Daarna is het weer de beurt aan de zaal. Nienhuys vraagt voorbeelden van beroemde ongelukken en incidenten. Het publiek doet gretig mee en Nienhuys schrijft het allemaal op een overklapper. Grote ongelukken, zoals die met de Titanic, die met de spaceshuttles of de Bijlmerramp, leiden vaak tot complotdenken, evenals onopgeloste misdaden; zo is nog altijd onbekend wie Jack the Ripper was.
Uiteraard mag ‘9/11’ niet ontbreken in een overzicht van vermeende complotten. De aanslagen op de Twin Towers op 11 september 2001 waren inderdaad het werk van een samenzwering, namelijk van moslimfundamentalisten, maar er zijn lieden die geloven dat de Amerikaanse regering van George W. Bush zelf achter de aanslagen zat. (Nienhuys haalt even Reagan en Bush door elkaar, wat tot gegrinnik in de zaal leidt.) De film Loose Change is aan dit vermeende complot gewijd.
Geheime genootschappen Dan komen de geheime genootschappen aan bod. De Protocollen van de Wijzen van Zion vormen het bekendste geschrift, waarin beschreven wordt hoe de joden de wereldmacht willen grijpen. Tevens zijn hierin de standaardtrucs van leiders te vinden hoe de bevolking te misleiden en te onderdrukken. Ze zijn een rommelig samenraapsel van allerlei teksten van diverse oorsprong en zijn al bijna een eeuw geleden ontmaskerd.
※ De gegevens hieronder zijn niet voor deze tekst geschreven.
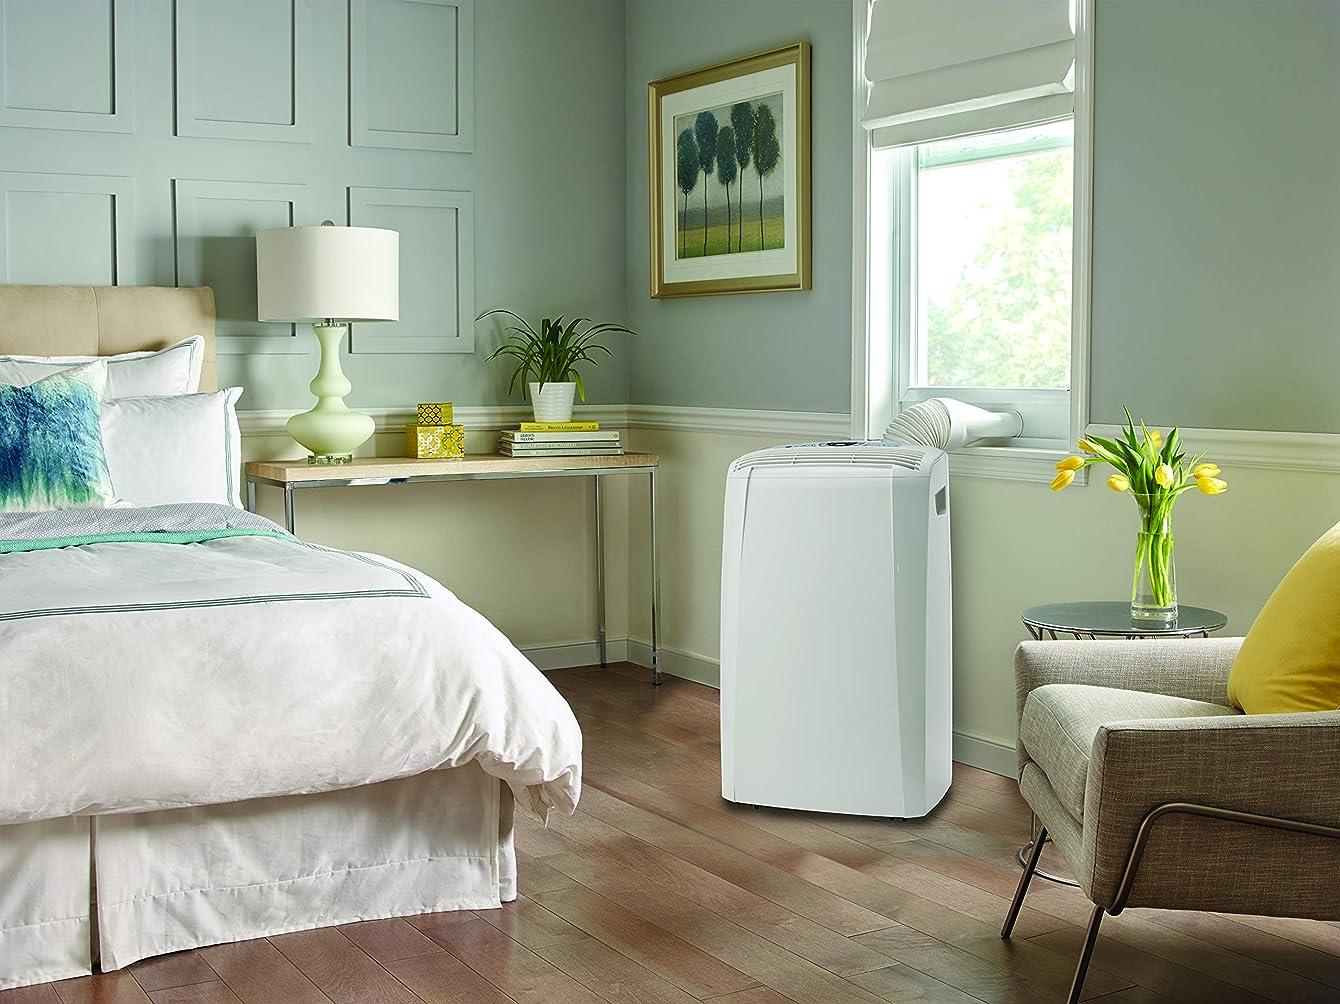 DeLonghi Portable 12,000 BTU Air Conditioner, White (Refurbished)

Helaas zijn er tot op heden mensen die geloven dat deze Protocollen echt zijn.
Het bekendste hedendaagse geheime genootschap vormen de Illuminati, hoewel zij niet meer waren dan een achttiende-eeuwse leesclub van verlichte denkers in Beieren, Duitsland. Karl Theodor verbood op zeker moment alle geheime genootschappen waaronder de Illuminati. Dat is koren op de molen van complotdenkers, die nog altijd geloven dat de Illuminati achter de grote wereldgeschiedenis zitten.
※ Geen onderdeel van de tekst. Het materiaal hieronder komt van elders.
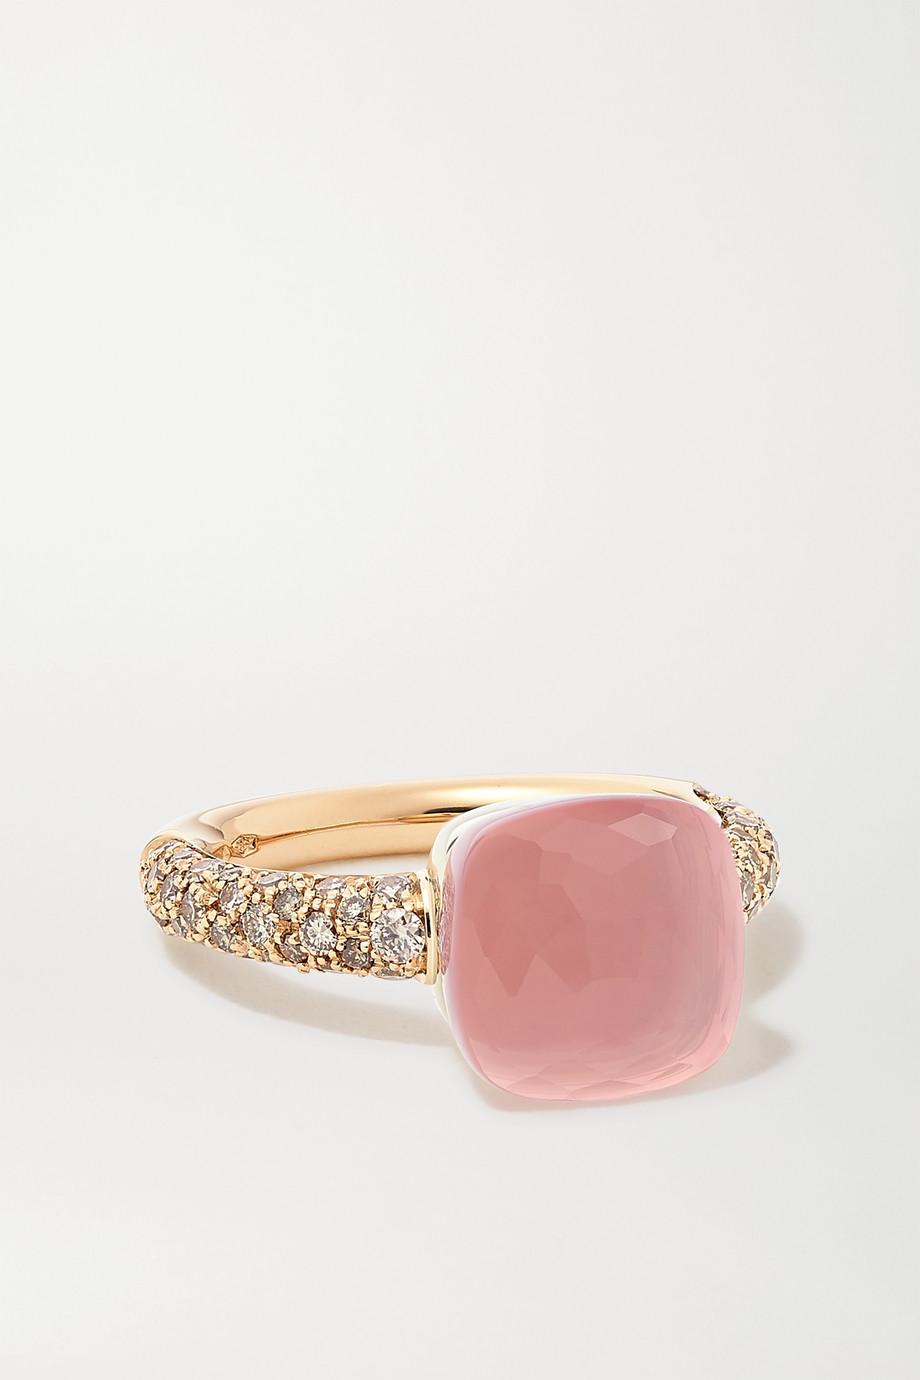 Pomellato Nudo Classic 18-karat white and rose gold multi-stone ring

Een andere vermeldenswaardige episode is de hoax van Léo Taxil (pseudoniem van M.J.G.A. Jogand-Pagès). Eerst publiceerde hij stukken tegen het katholicisme. Later bekeerde hij zich en richtte hij zich, in navolging van de r.-k. kerk, tegen de vrijmetselarij. Toen hij na jaren tijdens een persconferentie onthulde dat hij het allemaal verzonnen had, zelfs zijn bekering, moest hij de zaal ontvluchten.
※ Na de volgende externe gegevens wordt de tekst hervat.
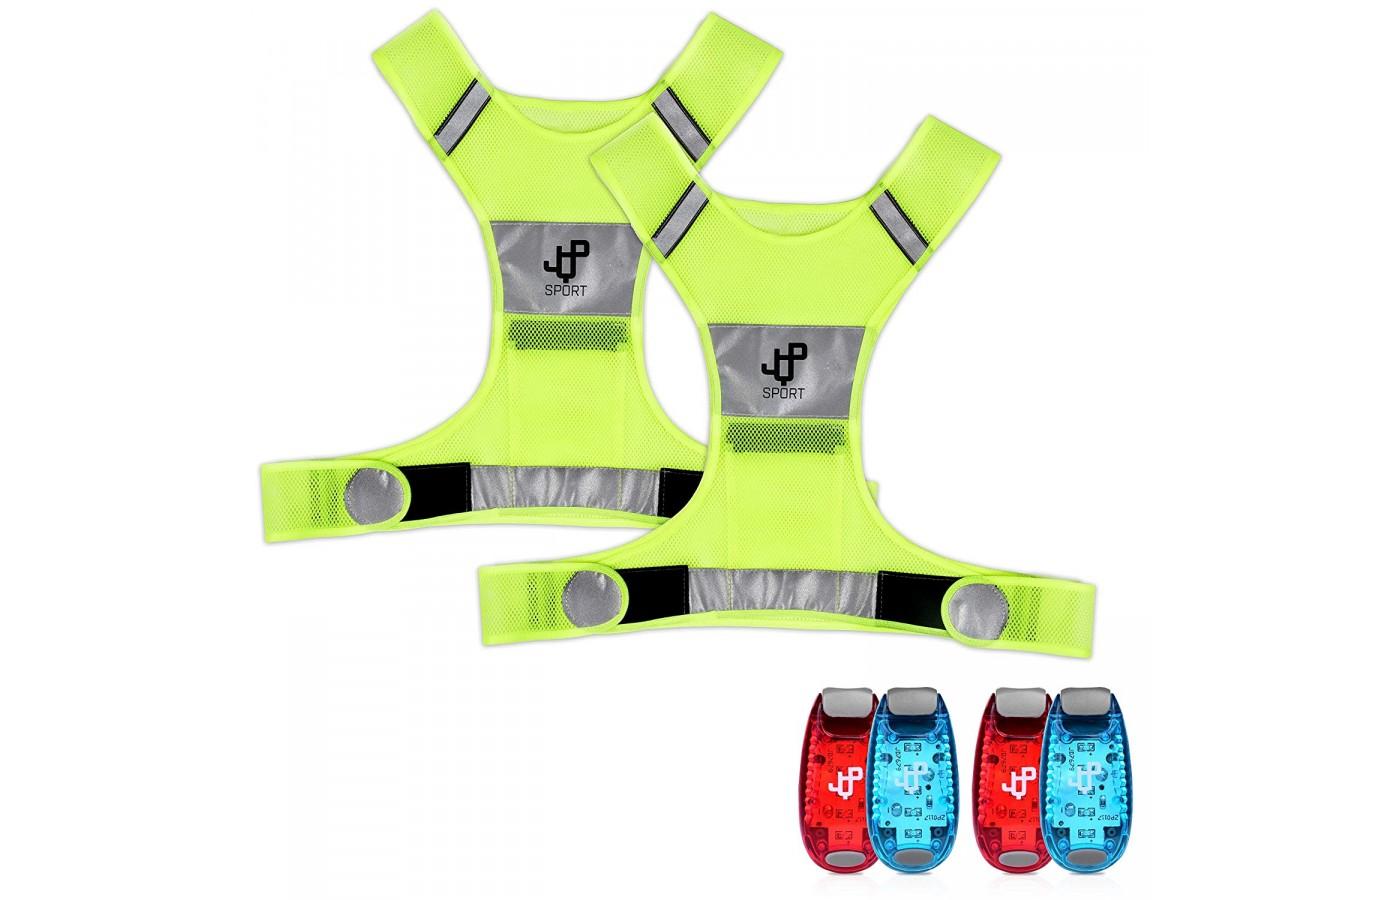 JQP Sports Running Vest feature

Maanlanding en Bielefeld Volgens miljoenen Amerikanen zijn wij mensen nooit op de Maan geland. De maanlandingen zijn van A tot Z gefilmd in de studio om ons maar wat wijs te maken. De bewijzen die hiervoor worden aangedragen zijn vaak amateuristisch, terwijl de complotdenkers zichzelf juist slimmer dan de NASA achten. Aan de andere kant verstopt de Amerikaanse regering buitenaardsen die op Aarde zijn geland (of gecrasht). Of zij heeft zelfs een deal met de aliens gesloten. Of zij bestaat zelf uit aliens. Je kunt het zo gek niet bedenken of het wordt wel geloofd. Het is wel opmerkelijk dat geloof in de maanlandingshoax, anders dan bij de meeste complottheorieën, niet lijkt te stoelen op angst of onzekerheid.
Een grappig moment aan het eind is als Nienhuys vraagt wie er in Bielefeld, Duitsland is geweest; 3 handen gaan omhoog. Dat kan niet omdat Bielefeld helemaal niet bestaat. Althans, de Bielefeld-Verschwörung beweert dat deze plaats verzonnen is, dat foto’s en BI-kentekens misleiding zijn en dat Google wordt omgekocht om de plaats te tonen. Op de plaats waar Bielefeld zou liggen verstopt de CIA namelijk John F. Kennedy omdat die anders zou onthullen dat de maanlanding een hoax is.
Al met al een geslaagde lezing waarin zowel bekende als minder bekende complottheorieën voor het voetlicht worden gebracht. Nienhuys vertelt met flair en gevoel voor humor. Je zou bijna vergeten dat het hier om een serieus onderwerp gaat.